Don't email: <a href=mailto:"dont@kvack.org"> email@kvack.org </a>

^ permalink raw reply related	[flat|nested] 38+ messages in thread

* [PATCH 5/5] [RFC][HACK] Switch volatile/shmem over to LRU_VOLATILE
  2012-07-28  3:57 ` John Stultz
@ 2012-07-28  3:57   ` John Stultz
  -1 siblings, 0 replies; 38+ messages in thread
From: John Stultz @ 2012-07-28  3:57 UTC (permalink / raw)
  To: LKML
  Cc: John Stultz, Andrew Morton, Android Kernel Team, Robert Love,
	Mel Gorman, Hugh Dickins, Dave Hansen, Rik van Riel,
	Dmitry Adamushko, Dave Chinner, Neil Brown, Andrea Righi,
	Aneesh Kumar K.V, Mike Hommey, Jan Kara, KOSAKI Motohiro,
	Michel Lespinasse, Minchan Kim, linux-mm

This changes the earlier shrinker based volatile range
management over to using the LRU_VOLATILE list in mm core.

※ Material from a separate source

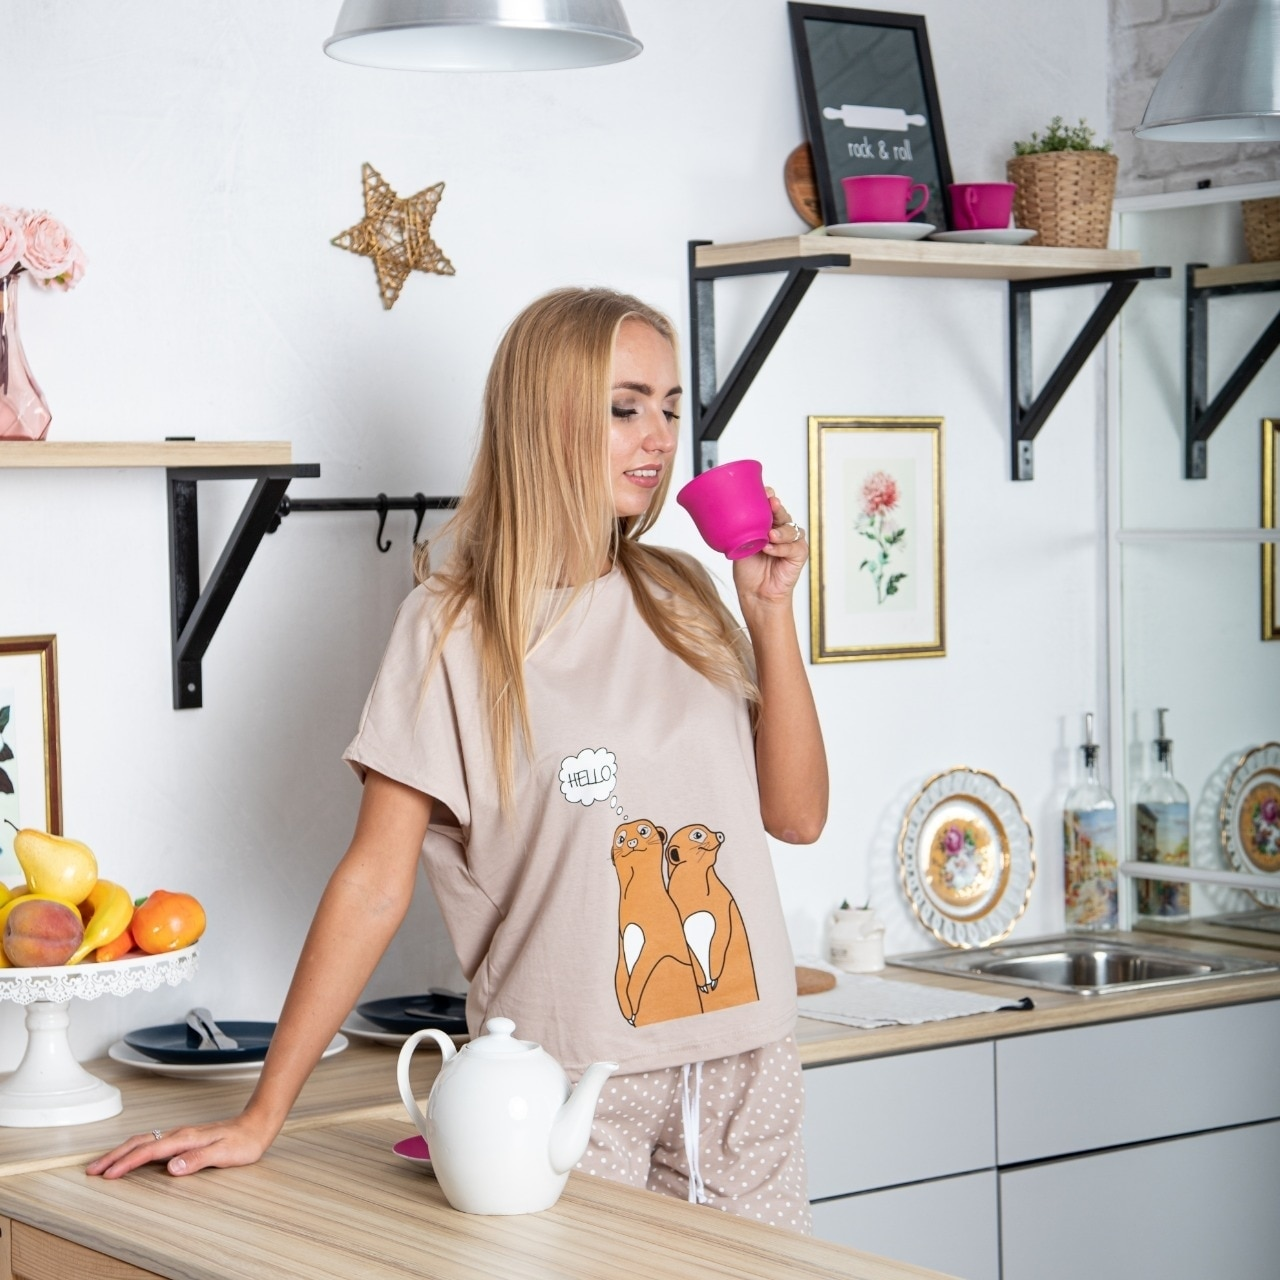 Atoff home pajamas female ZHP 010/1 (beige/Gray)|Pajama Sets| - AliExpress

Again, this is likely has performance issues, as well as
other problems I'm not aware of, so I'd greatly appreciate
any additional feedback or suggestions.

CC: Andrew Morton <akpm@linux-foundation.org>
CC: Android Kernel Team <kernel-team@android.com>
CC: Robert Love <rlove@google.com>
CC: Mel Gorman <mel@csn.ul.ie>
CC: Hugh Dickins <hughd@google.com>
CC: Dave Hansen <dave@linux.vnet.ibm.com>
CC: Rik van Riel <riel@redhat.com>
CC: Dmitry Adamushko <dmitry.adamushko@gmail.com>
CC: Dave Chinner <david@fromorbit.com>
CC: Neil Brown <neilb@suse.de>
CC: Andrea Righi <andrea@betterlinux.com>
CC: Aneesh Kumar K.V <aneesh.kumar@linux.vnet.ibm.com>
CC: Mike Hommey <mh@glandium.org>
CC: Jan Kara <jack@suse.cz>
CC: KOSAKI Motohiro <kosaki.motohiro@gmail.com>
CC: Michel Lespinasse <walken@google.com>
CC: Minchan Kim <minchan@kernel.org>
CC: linux-mm@kvack.org <linux-mm@kvack.org>
Signed-off-by: John Stultz <john.stultz@linaro.org>
---
 include/linux/volatile.h |   12 ++----
 mm/shmem.c               |  103 ++++++++++++++++++++++++----------------------
 mm/volatile.c            |   86 ++++++++------------------------------
 3 files changed, 75 insertions(+), 126 deletions(-)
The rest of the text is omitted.